**Work required**
Extract every line below, verbatim.

**Collected data**

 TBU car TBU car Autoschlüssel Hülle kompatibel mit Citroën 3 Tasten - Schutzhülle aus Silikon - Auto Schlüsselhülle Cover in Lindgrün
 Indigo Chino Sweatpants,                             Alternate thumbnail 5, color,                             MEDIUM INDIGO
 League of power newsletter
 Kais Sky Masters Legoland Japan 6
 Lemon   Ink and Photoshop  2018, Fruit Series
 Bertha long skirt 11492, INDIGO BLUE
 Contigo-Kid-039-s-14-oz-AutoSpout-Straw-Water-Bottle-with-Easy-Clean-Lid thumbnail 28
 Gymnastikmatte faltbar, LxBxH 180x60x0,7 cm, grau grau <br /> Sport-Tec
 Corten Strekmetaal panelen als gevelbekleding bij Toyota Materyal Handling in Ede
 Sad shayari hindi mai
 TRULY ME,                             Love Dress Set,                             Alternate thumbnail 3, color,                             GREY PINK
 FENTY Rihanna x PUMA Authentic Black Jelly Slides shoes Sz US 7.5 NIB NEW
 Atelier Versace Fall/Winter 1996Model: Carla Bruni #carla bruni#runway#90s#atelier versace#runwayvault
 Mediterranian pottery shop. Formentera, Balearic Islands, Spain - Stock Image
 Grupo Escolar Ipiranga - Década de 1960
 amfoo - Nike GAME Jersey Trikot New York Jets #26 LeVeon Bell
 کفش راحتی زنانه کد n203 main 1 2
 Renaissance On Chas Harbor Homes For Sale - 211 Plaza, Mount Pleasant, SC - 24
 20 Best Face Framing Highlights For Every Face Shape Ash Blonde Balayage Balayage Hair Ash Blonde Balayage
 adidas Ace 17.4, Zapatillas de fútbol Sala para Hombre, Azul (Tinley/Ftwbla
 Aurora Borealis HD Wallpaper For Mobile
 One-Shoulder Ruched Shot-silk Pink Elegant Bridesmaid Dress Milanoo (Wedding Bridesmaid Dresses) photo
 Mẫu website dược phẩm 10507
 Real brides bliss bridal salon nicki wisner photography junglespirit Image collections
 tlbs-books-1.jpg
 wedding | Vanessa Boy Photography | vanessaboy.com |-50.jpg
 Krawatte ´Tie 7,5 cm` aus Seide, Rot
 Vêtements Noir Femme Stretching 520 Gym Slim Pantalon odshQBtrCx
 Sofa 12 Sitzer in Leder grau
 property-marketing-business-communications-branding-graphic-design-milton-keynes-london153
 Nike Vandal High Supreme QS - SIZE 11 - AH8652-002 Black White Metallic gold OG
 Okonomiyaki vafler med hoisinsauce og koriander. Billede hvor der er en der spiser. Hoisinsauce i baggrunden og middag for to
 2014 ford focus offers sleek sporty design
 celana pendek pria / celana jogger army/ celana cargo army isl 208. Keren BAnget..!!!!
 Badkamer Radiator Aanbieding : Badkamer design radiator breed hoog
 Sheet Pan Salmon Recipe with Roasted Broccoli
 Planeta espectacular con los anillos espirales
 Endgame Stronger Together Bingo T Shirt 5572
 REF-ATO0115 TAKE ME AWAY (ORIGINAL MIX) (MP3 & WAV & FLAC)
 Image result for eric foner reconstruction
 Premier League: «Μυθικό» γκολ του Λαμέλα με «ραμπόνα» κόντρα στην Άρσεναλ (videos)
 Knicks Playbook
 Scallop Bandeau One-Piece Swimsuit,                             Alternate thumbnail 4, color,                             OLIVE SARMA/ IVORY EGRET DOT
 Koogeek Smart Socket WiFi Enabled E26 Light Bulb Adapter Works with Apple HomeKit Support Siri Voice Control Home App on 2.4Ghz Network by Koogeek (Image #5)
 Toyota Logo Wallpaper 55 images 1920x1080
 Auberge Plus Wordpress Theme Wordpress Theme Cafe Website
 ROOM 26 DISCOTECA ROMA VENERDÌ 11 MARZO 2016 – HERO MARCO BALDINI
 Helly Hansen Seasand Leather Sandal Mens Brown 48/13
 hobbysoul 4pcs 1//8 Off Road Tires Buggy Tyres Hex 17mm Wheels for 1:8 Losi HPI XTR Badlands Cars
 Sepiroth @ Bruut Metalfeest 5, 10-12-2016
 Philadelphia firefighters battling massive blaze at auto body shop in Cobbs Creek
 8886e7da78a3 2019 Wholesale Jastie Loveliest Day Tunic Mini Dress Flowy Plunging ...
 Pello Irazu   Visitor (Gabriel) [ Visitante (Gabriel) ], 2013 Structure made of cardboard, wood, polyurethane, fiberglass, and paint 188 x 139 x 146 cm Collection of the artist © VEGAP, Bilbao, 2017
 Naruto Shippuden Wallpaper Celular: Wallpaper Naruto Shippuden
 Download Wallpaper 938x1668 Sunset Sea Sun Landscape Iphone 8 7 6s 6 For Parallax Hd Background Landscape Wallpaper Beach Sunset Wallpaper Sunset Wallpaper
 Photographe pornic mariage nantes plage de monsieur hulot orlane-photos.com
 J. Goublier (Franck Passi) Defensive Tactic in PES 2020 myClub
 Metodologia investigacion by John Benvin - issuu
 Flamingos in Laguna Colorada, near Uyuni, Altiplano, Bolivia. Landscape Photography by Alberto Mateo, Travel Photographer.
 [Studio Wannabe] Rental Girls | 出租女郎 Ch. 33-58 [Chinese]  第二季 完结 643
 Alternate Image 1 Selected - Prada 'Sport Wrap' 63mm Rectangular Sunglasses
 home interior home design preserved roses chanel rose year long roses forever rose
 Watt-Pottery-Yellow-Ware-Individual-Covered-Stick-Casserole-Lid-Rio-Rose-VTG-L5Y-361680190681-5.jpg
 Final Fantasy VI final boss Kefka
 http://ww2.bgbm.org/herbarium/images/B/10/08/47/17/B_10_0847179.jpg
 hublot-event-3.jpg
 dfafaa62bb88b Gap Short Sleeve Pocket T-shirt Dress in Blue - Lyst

**Expected output**
 TBU car TBU car Autoschlüssel Hülle kompatibel mit Citroën 3 Tasten - Schutzhülle aus Silikon - Auto Schlüsselhülle Cover in Lindgrün
 Indigo Chino Sweatpants,                             Alternate thumbnail 5, color,                             MEDIUM INDIGO
 League of power newsletter
 Kais Sky Masters Legoland Japan 6
 Lemon   Ink and Photoshop  2018, Fruit Series
 Bertha long skirt 11492, INDIGO BLUE
 Contigo-Kid-039-s-14-oz-AutoSpout-Straw-Water-Bottle-with-Easy-Clean-Lid thumbnail 28
 Gymnastikmatte faltbar, LxBxH 180x60x0,7 cm, grau grau <br /> Sport-Tec
 Corten Strekmetaal panelen als gevelbekleding bij Toyota Materyal Handling in Ede
 Sad shayari hindi mai
 TRULY ME,                             Love Dress Set,                             Alternate thumbnail 3, color,                             GREY PINK
 FENTY Rihanna x PUMA Authentic Black Jelly Slides shoes Sz US 7.5 NIB NEW
 Atelier Versace Fall/Winter 1996Model: Carla Bruni #carla bruni#runway#90s#atelier versace#runwayvault
 Mediterranian pottery shop. Formentera, Balearic Islands, Spain - Stock Image
 Grupo Escolar Ipiranga - Década de 1960
 amfoo - Nike GAME Jersey Trikot New York Jets #26 LeVeon Bell
 کفش راحتی زنانه کد n203 main 1 2
 Renaissance On Chas Harbor Homes For Sale - 211 Plaza, Mount Pleasant, SC - 24
 20 Best Face Framing Highlights For Every Face Shape Ash Blonde Balayage Balayage Hair Ash Blonde Balayage
 adidas Ace 17.4, Zapatillas de fútbol Sala para Hombre, Azul (Tinley/Ftwbla
 Aurora Borealis HD Wallpaper For Mobile
 One-Shoulder Ruched Shot-silk Pink Elegant Bridesmaid Dress Milanoo (Wedding Bridesmaid Dresses) photo
 Mẫu website dược phẩm 10507
 Real brides bliss bridal salon nicki wisner photography junglespirit Image collections
 tlbs-books-1.jpg
 wedding | Vanessa Boy Photography | vanessaboy.com |-50.jpg
 Krawatte ´Tie 7,5 cm` aus Seide, Rot
 Vêtements Noir Femme Stretching 520 Gym Slim Pantalon odshQBtrCx
 Sofa 12 Sitzer in Leder grau
 property-marketing-business-communications-branding-graphic-design-milton-keynes-london153
 Nike Vandal High Supreme QS - SIZE 11 - AH8652-002 Black White Metallic gold OG
 Okonomiyaki vafler med hoisinsauce og koriander. Billede hvor der er en der spiser. Hoisinsauce i baggrunden og middag for to
 2014 ford focus offers sleek sporty design
 celana pendek pria / celana jogger army/ celana cargo army isl 208. Keren BAnget..!!!!
 Badkamer Radiator Aanbieding : Badkamer design radiator breed hoog
 Sheet Pan Salmon Recipe with Roasted Broccoli
 Planeta espectacular con los anillos espirales
 Endgame Stronger Together Bingo T Shirt 5572
 REF-ATO0115 TAKE ME AWAY (ORIGINAL MIX) (MP3 & WAV & FLAC)
 Image result for eric foner reconstruction
 Premier League: «Μυθικό» γκολ του Λαμέλα με «ραμπόνα» κόντρα στην Άρσεναλ (videos)
 Knicks Playbook
 Scallop Bandeau One-Piece Swimsuit,                             Alternate thumbnail 4, color,                             OLIVE SARMA/ IVORY EGRET DOT
 Koogeek Smart Socket WiFi Enabled E26 Light Bulb Adapter Works with Apple HomeKit Support Siri Voice Control Home App on 2.4Ghz Network by Koogeek (Image #5)
 Toyota Logo Wallpaper 55 images 1920x1080
 Auberge Plus Wordpress Theme Wordpress Theme Cafe Website
 ROOM 26 DISCOTECA ROMA VENERDÌ 11 MARZO 2016 – HERO MARCO BALDINI
 Helly Hansen Seasand Leather Sandal Mens Brown 48/13
 hobbysoul 4pcs 1//8 Off Road Tires Buggy Tyres Hex 17mm Wheels for 1:8 Losi HPI XTR Badlands Cars
 Sepiroth @ Bruut Metalfeest 5, 10-12-2016
 Philadelphia firefighters battling massive blaze at auto body shop in Cobbs Creek
 8886e7da78a3 2019 Wholesale Jastie Loveliest Day Tunic Mini Dress Flowy Plunging ...
 Pello Irazu   Visitor (Gabriel) [ Visitante (Gabriel) ], 2013 Structure made of cardboard, wood, polyurethane, fiberglass, and paint 188 x 139 x 146 cm Collection of the artist © VEGAP, Bilbao, 2017
 Naruto Shippuden Wallpaper Celular: Wallpaper Naruto Shippuden
 Download Wallpaper 938x1668 Sunset Sea Sun Landscape Iphone 8 7 6s 6 For Parallax Hd Background Landscape Wallpaper Beach Sunset Wallpaper Sunset Wallpaper
 Photographe pornic mariage nantes plage de monsieur hulot orlane-photos.com
 J. Goublier (Franck Passi) Defensive Tactic in PES 2020 myClub
 Metodologia investigacion by John Benvin - issuu
 Flamingos in Laguna Colorada, near Uyuni, Altiplano, Bolivia. Landscape Photography by Alberto Mateo, Travel Photographer.
 [Studio Wannabe] Rental Girls | 出租女郎 Ch. 33-58 [Chinese]  第二季 完结 643
 Alternate Image 1 Selected - Prada 'Sport Wrap' 63mm Rectangular Sunglasses
 home interior home design preserved roses chanel rose year long roses forever rose
 Watt-Pottery-Yellow-Ware-Individual-Covered-Stick-Casserole-Lid-Rio-Rose-VTG-L5Y-361680190681-5.jpg
 Final Fantasy VI final boss Kefka
 http://ww2.bgbm.org/herbarium/images/B/10/08/47/17/B_10_0847179.jpg
 hublot-event-3.jpg
 dfafaa62bb88b Gap Short Sleeve Pocket T-shirt Dress in Blue - Lyst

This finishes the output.